Он удостоил лишь ту, что нести его молнии может,
Без замедленья, дробя могучими крыльями воздух,
Он илийца схватил, который, мешая бокалы,
Нектар — Юноне назло — и поныне Зевсу подносит.
(Овидий. Метаморфозы, Х, 155—165)27
Для чего понадобилось Зевсу (латинское его имя — Юпитер), похищая Ганимеда, принимать облик орла? Может быть, только для того, чтобы в предании не потерялась древняя фаунистическая (животная) ипостась верховного божества? Однозначного ответа на этот вопрос нет. Есть предание, есть пересказ его, есть устойчивый мотив похищения человека птицей. Есть, наконец, позднее представление о пиршествах богов на Олимпе как о застольях богатого и знатного семейства. В таком контексте охальник Зевс, действительно, дразнит свою, впрочем, никогда не стареющую и прекрасную супругу Геру (римское имя ее — Юнона) присутствием в доме юного возлюбленного — Ганимеда.

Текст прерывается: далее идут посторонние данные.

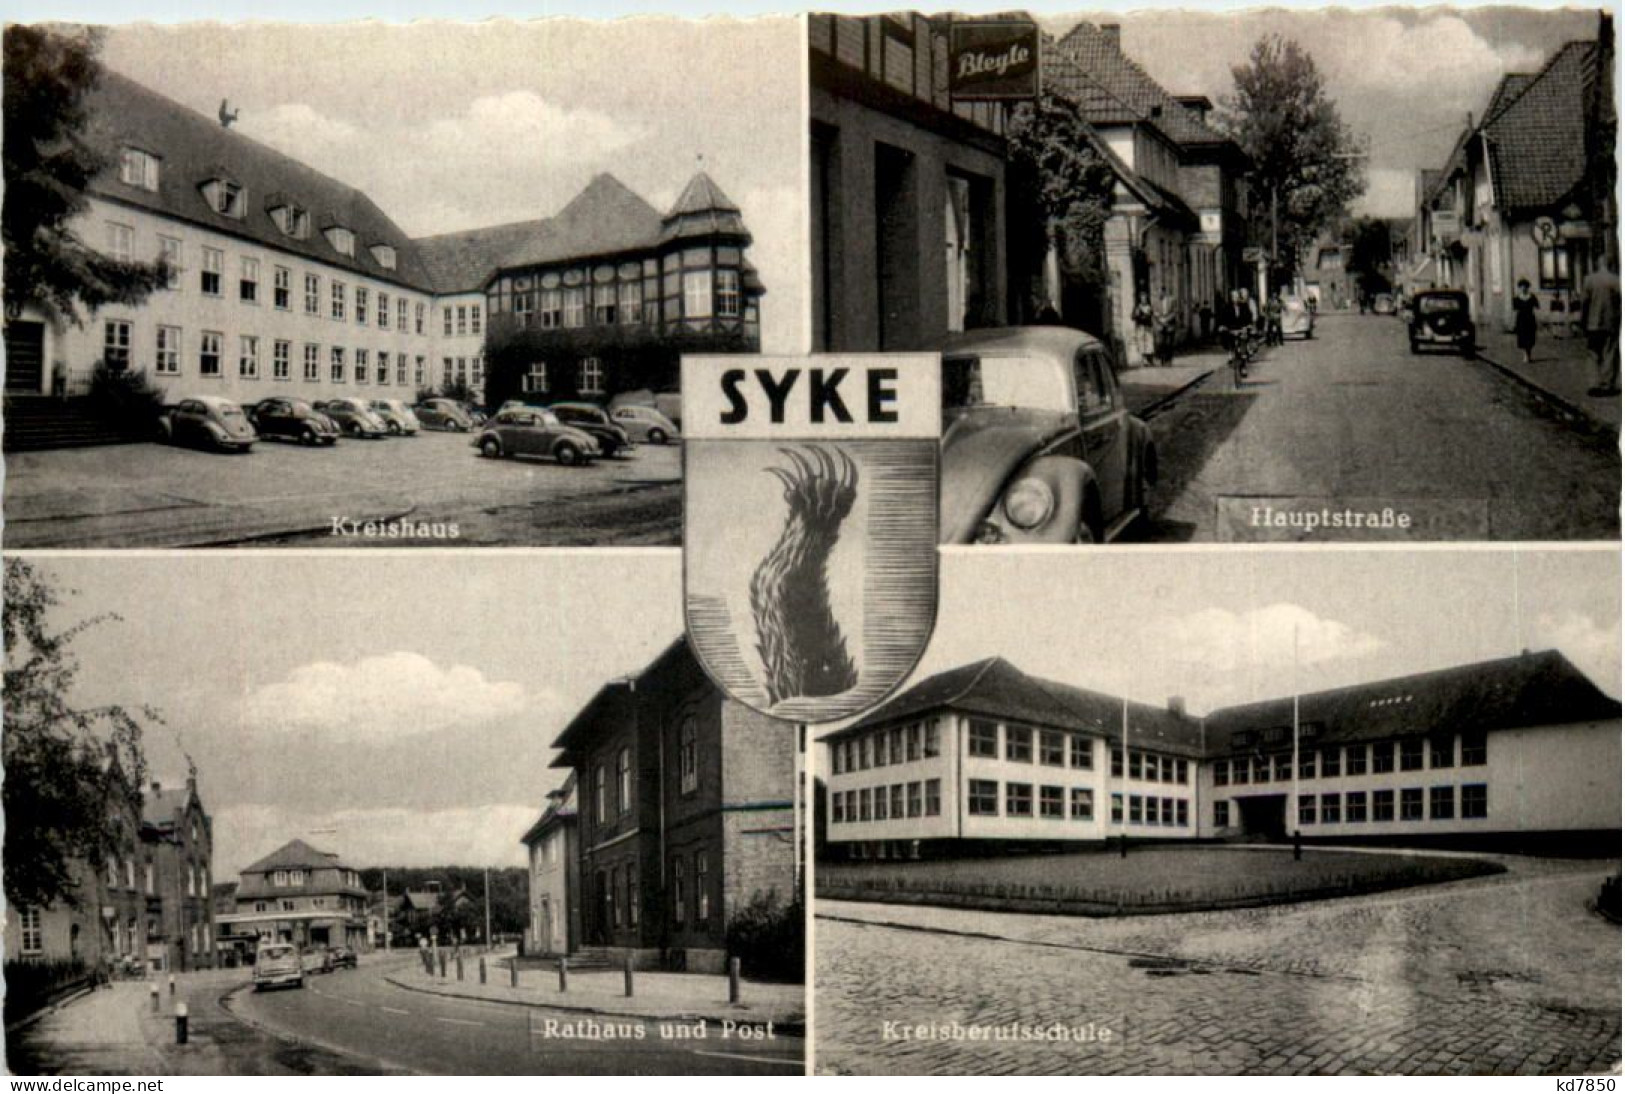 Syke - Diepholz

Однако же, раз греческий миф не знает непроходимой границы между полами, между человеком и животным и даже между человеком и вещью, то вполне понятна его «терпимость» к различным типам и, так сказать, уровням человеческой сексуальности. Олимпийская мифология — высшая стадия древнегреческой мифологии — имеет дело с некоторым подобием семьи, какой бы странной ни казалась эта семейка. В какой же фазе греческого мифа застает его Гомер? А. Ф. Лосев полагает, что это фаза едва ли не иронического отношения к мифологии вообще. Вместе с тем, иногда кажется, что ирония, как сказали бы на современном компьютерном жаргоне, «зашита» в самую мифологическую программу. Внести некоторую ясность в мифологическую картину мира и, возможно, несколько исправить, как сегодня сказали бы, «имидж» Гомеровских богов, собирался поэт Гесиод. В «Теогонии» Гесиод предлагает непротиворечивую картину мира, или генеалогическое древо богов. Это замечательное дидактическое произведение, хотя ни ясности, ни исправления подмоченной репутации олимпийцев у Гесиода не получилось. С тех пор попытки осерьёзнить миф обычно ведут к обратным желаемому результатам. Однажды разобравшись в устройстве мифа как примирителя взаимоисключающих повествований, вы уже никогда не захотите (да и не сможете) от этого устройства отказаться, ведь оно окажется полезным при анализе все новых и новых произведений литературы.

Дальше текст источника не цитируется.